Baron Philippe Roberts-Jones (8 November 1924 – 9 August 2016) was a Belgian art historian who was the head of conservation of the Royal Museums of Fine Arts of Belgium. A member of the Royal Academy of Science, Letters and Fine Arts of Belgium, of which he was president in 1980, he was also a member of the Free Academy of Belgium and a professor at the Université libre de Bruxelles.
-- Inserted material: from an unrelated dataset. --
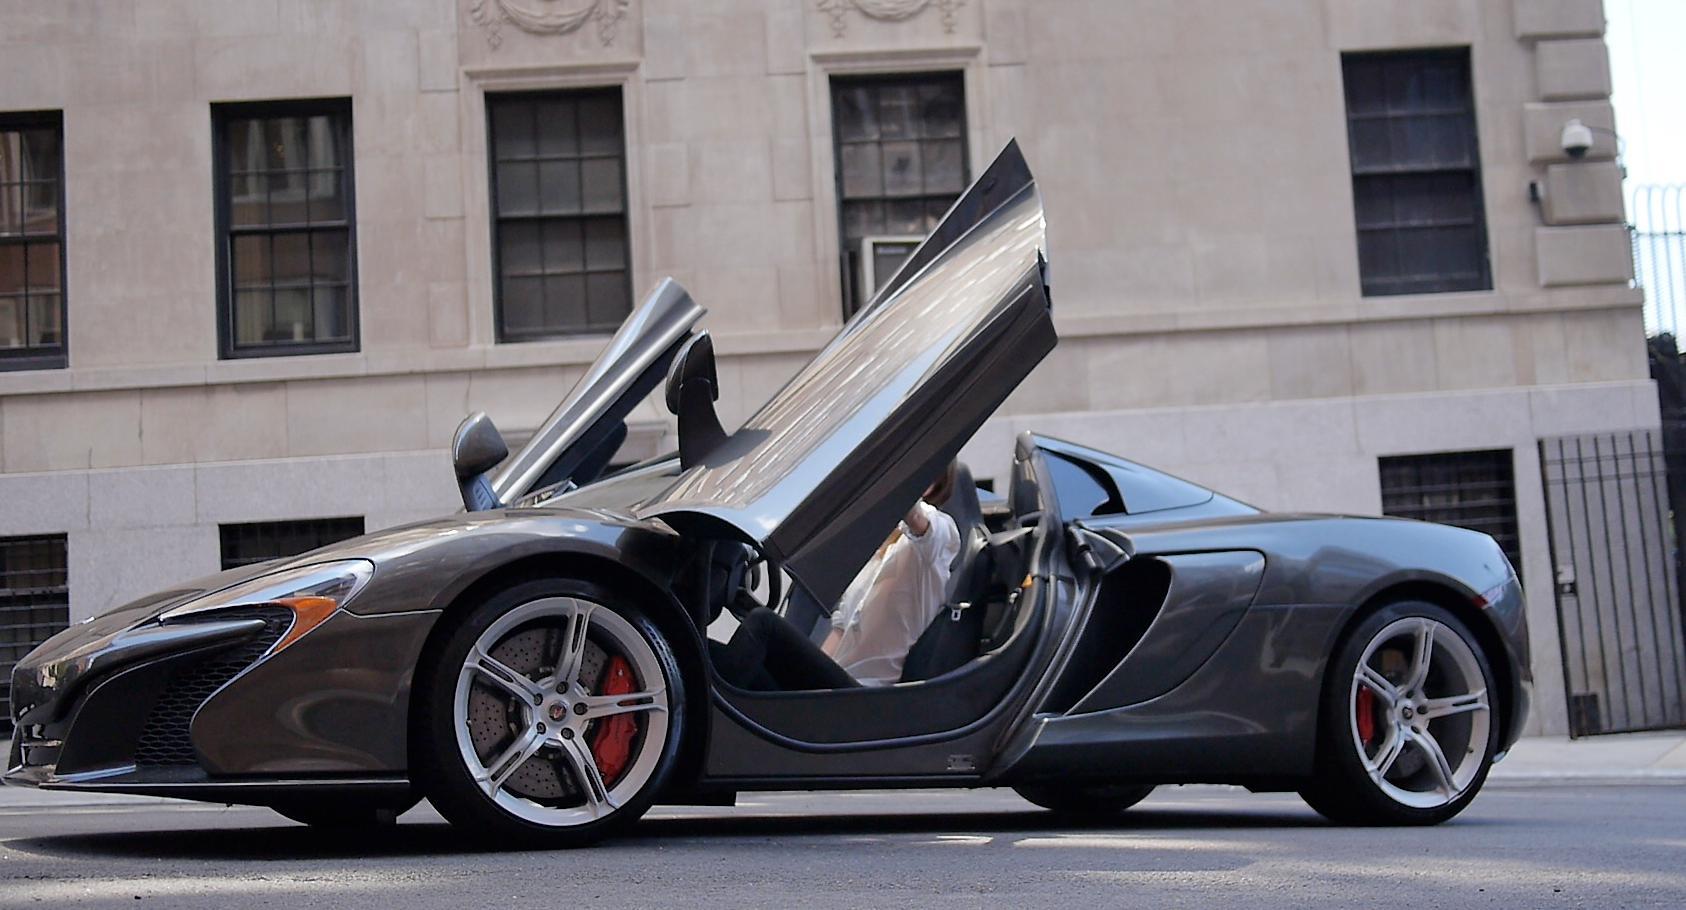 Worksheet. The 2015 McLaren 650S Formula 1s Beautiful Street Car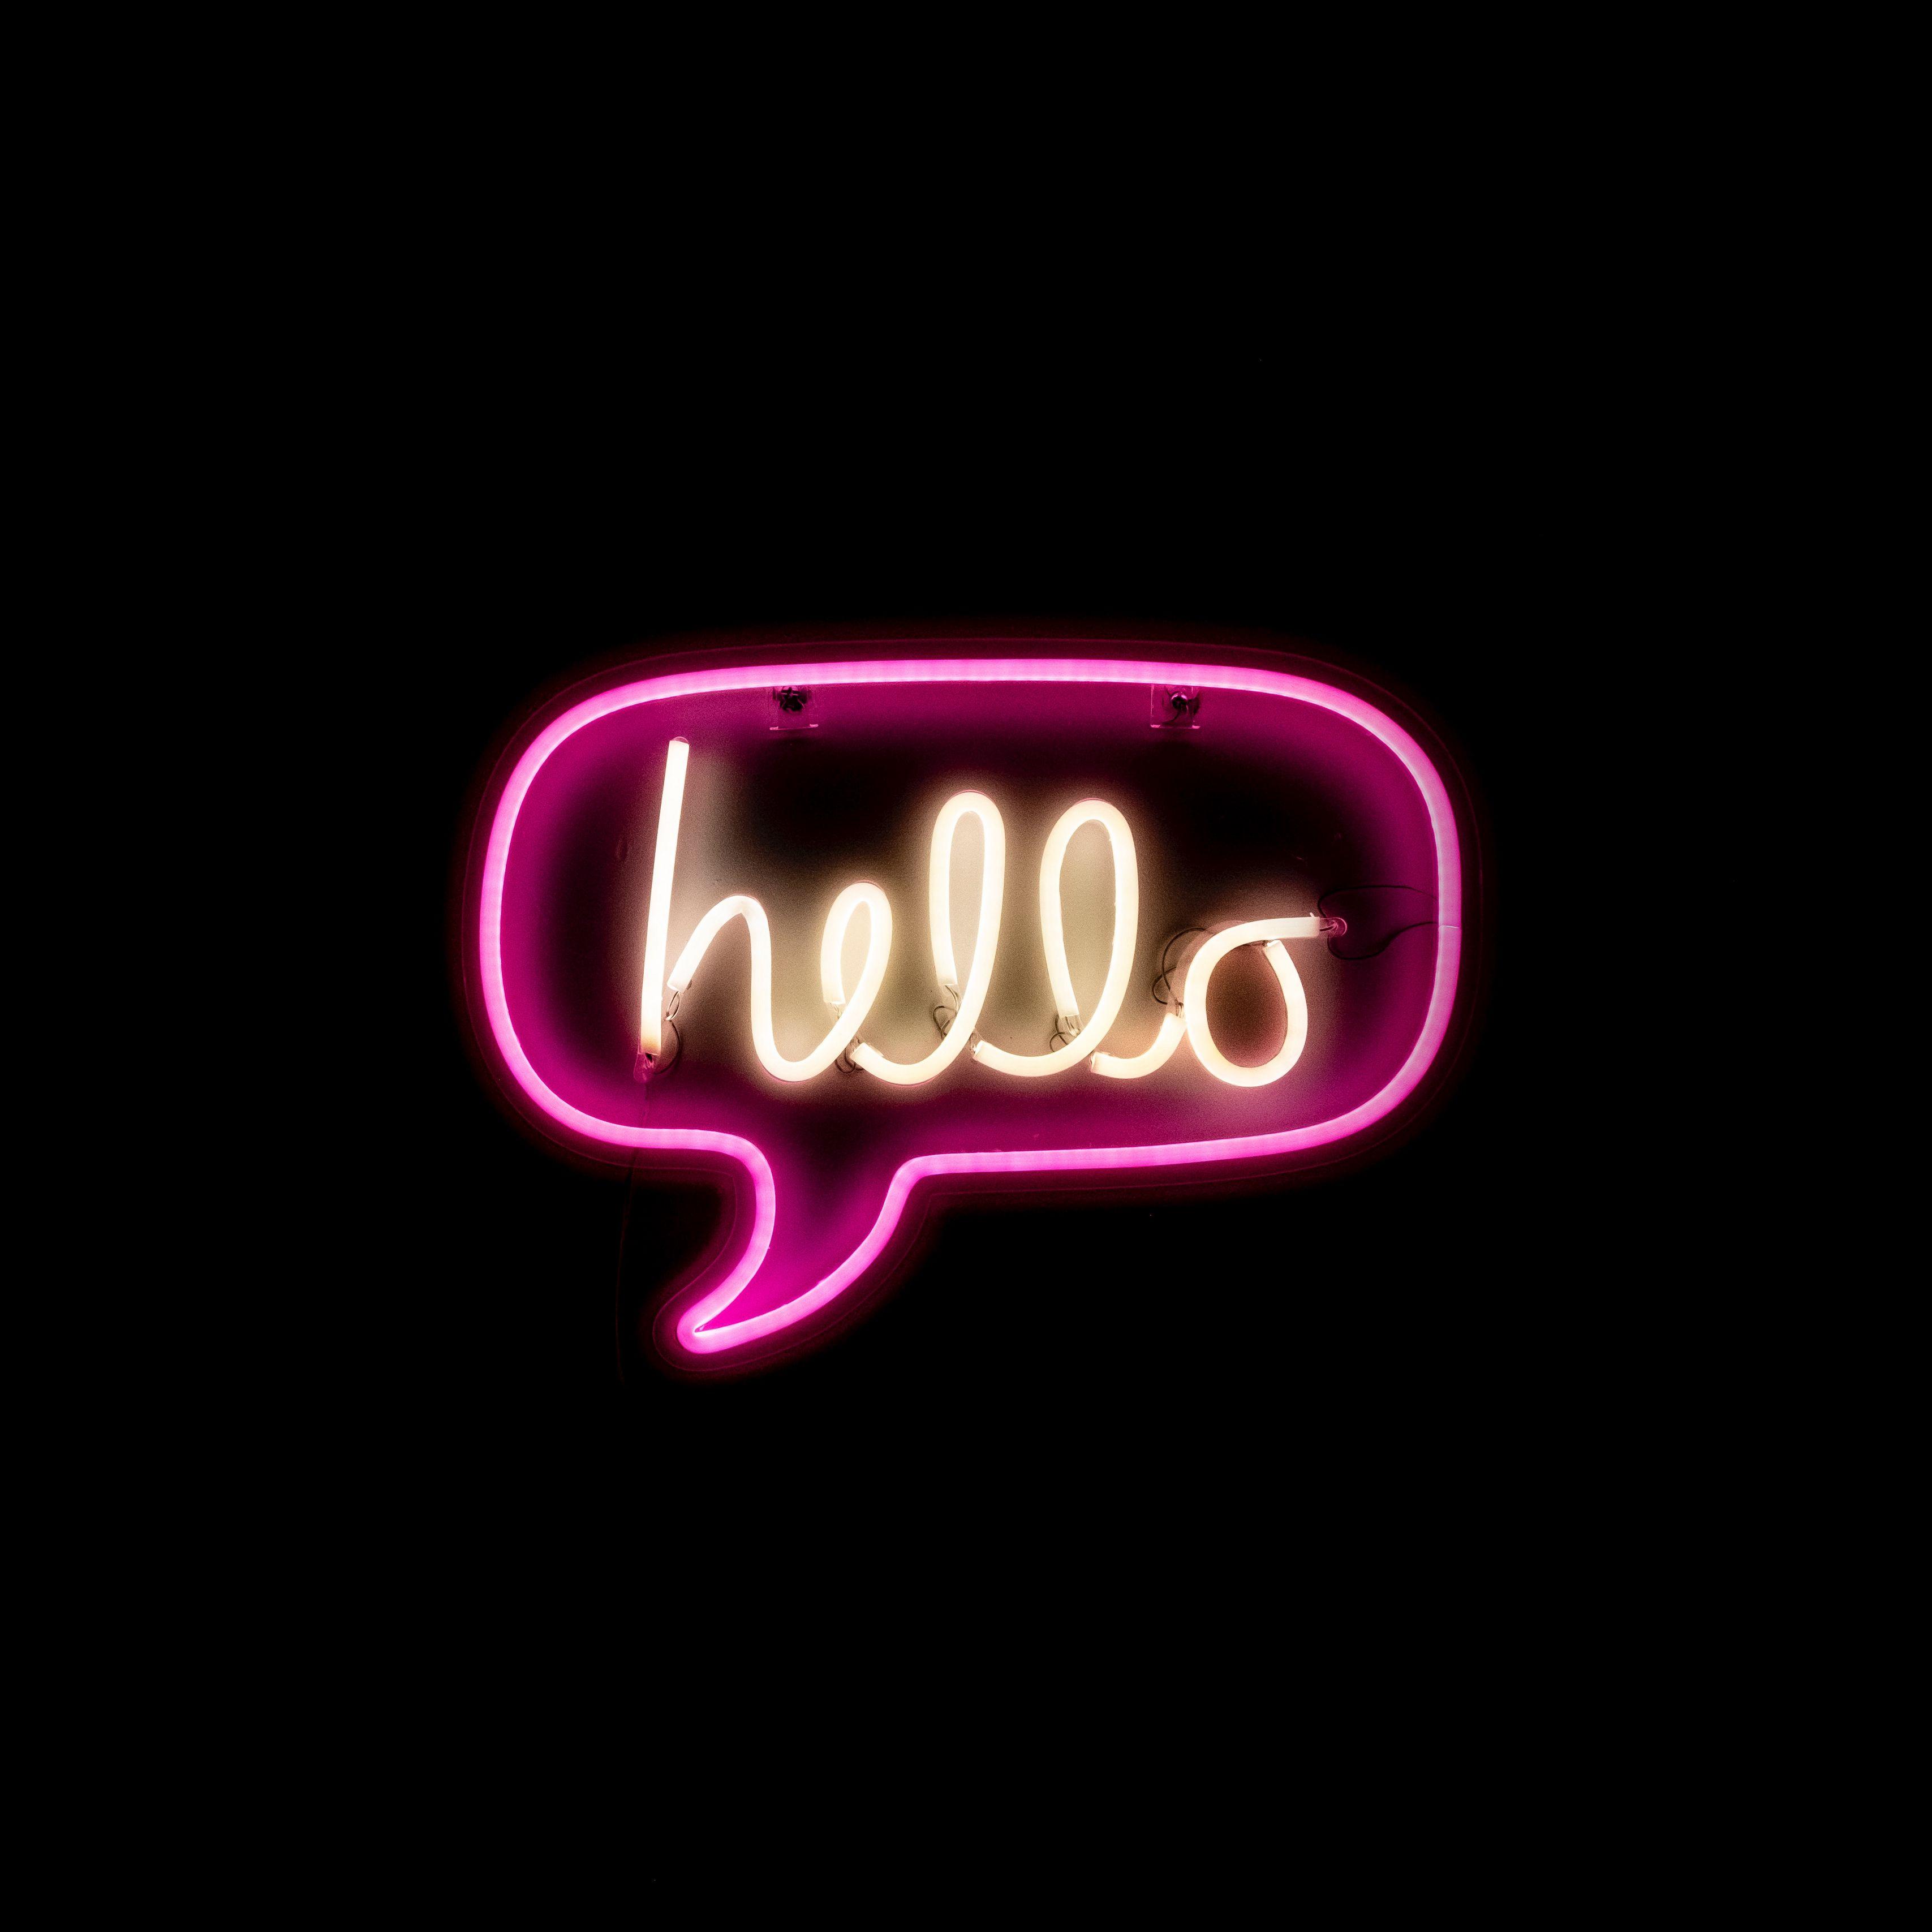 3415x3415 Wallpaper hello, neon, inscription, text

He was also a published poet.

Biography 
Born in Ixelles, Belgium, on 8 November 1924, Philippe Roberts-Jones belonged to a family of three generations of lawyers, descending from a British family established in Brussels at the beginning of the 19th century and that had been active in the coachwork industry.

His father Robert Roberts-Jones (1893–1943), a lawyer, was a member of the Belgian Resistance and was executed by the Germans at the Tir national on 20 October 1943.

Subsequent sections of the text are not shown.